Blue Heaven is a Scottish television documentary series filmed by BBC Scotland which followed aspiring young footballers at Rangers Football Club as they tried to forge a career in football. The series was originally broadcast in the winter of 2003 with a follow up episode in 2011.

Background
The building of Rangers' new training facility in July 2001 was the catalyst for the filming of a six-part television series by BBC Scotland. The show documented the hopes and aspirations of a group of young footballers as they try to make the breakthrough at Rangers.

The production company, Saltire Films, was given unprecedented access for two years, the series begins during the Dick Advocaat era and continues through to the Alex McLeish's reign. The length of filming allowed for the following of particular youngsters.

Some of those would go on to graduate to the first team, Chris Burke for example.
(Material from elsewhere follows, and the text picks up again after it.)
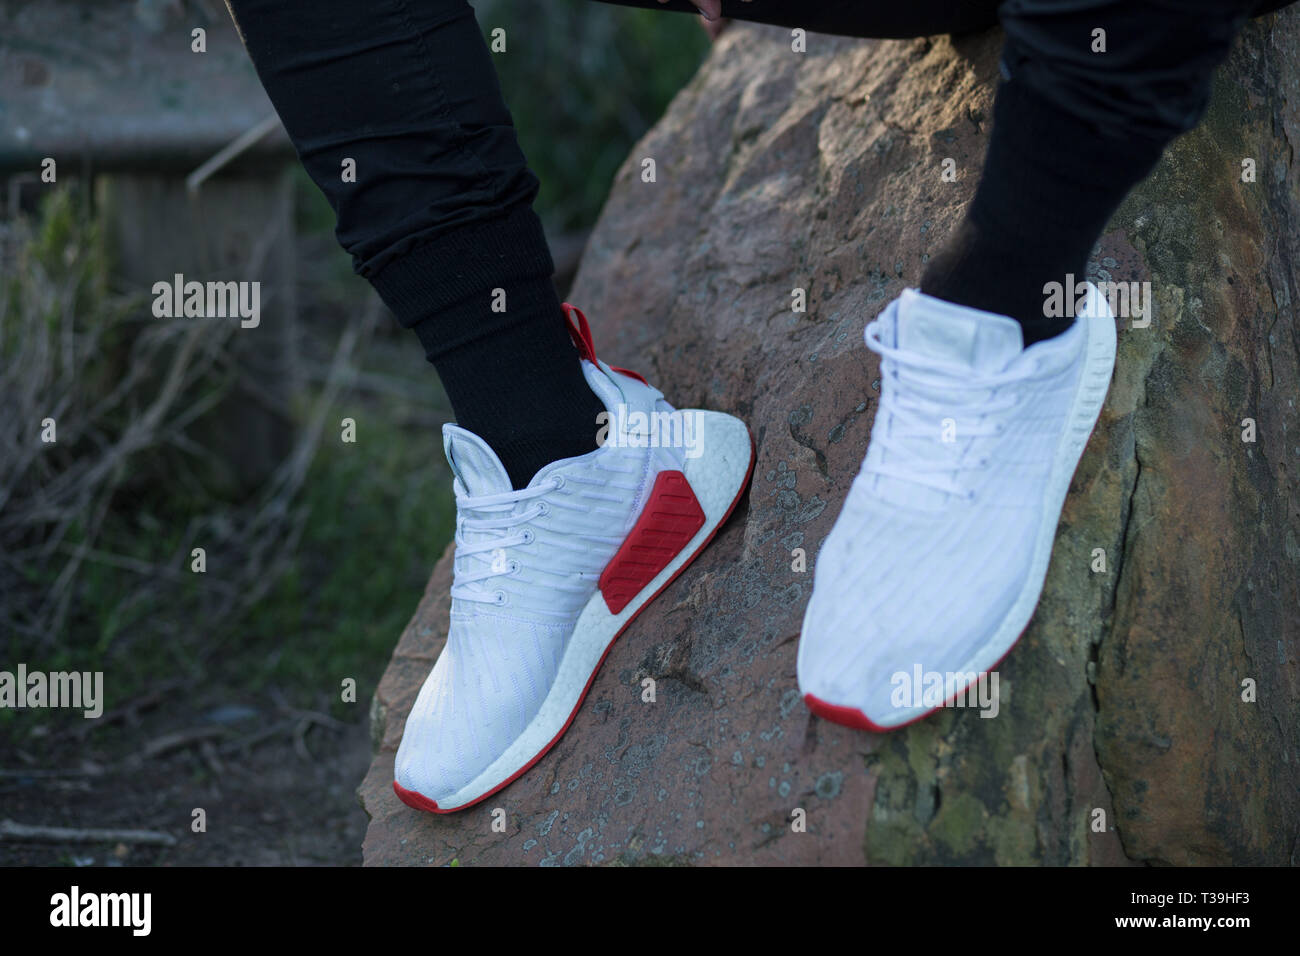 Cape Town, South Africa. 03 April 2019. White and Red Adidas NMD Sneakers  Stock Photo - Alamy

His Rangers debut covered during the series. Other players never made it as a professional footballer at all. Rangers-daft David Ford and his family's story is covered as Ford struggles to make an impact due to his lack of height and slight frame. The Head of Youth Development, Jan Derks, is replaced part-way through filming the series and is replaced by George Adams. Derks was seen deciding on the futures of young players, including Kevin Morrison, who was eventually released by the club.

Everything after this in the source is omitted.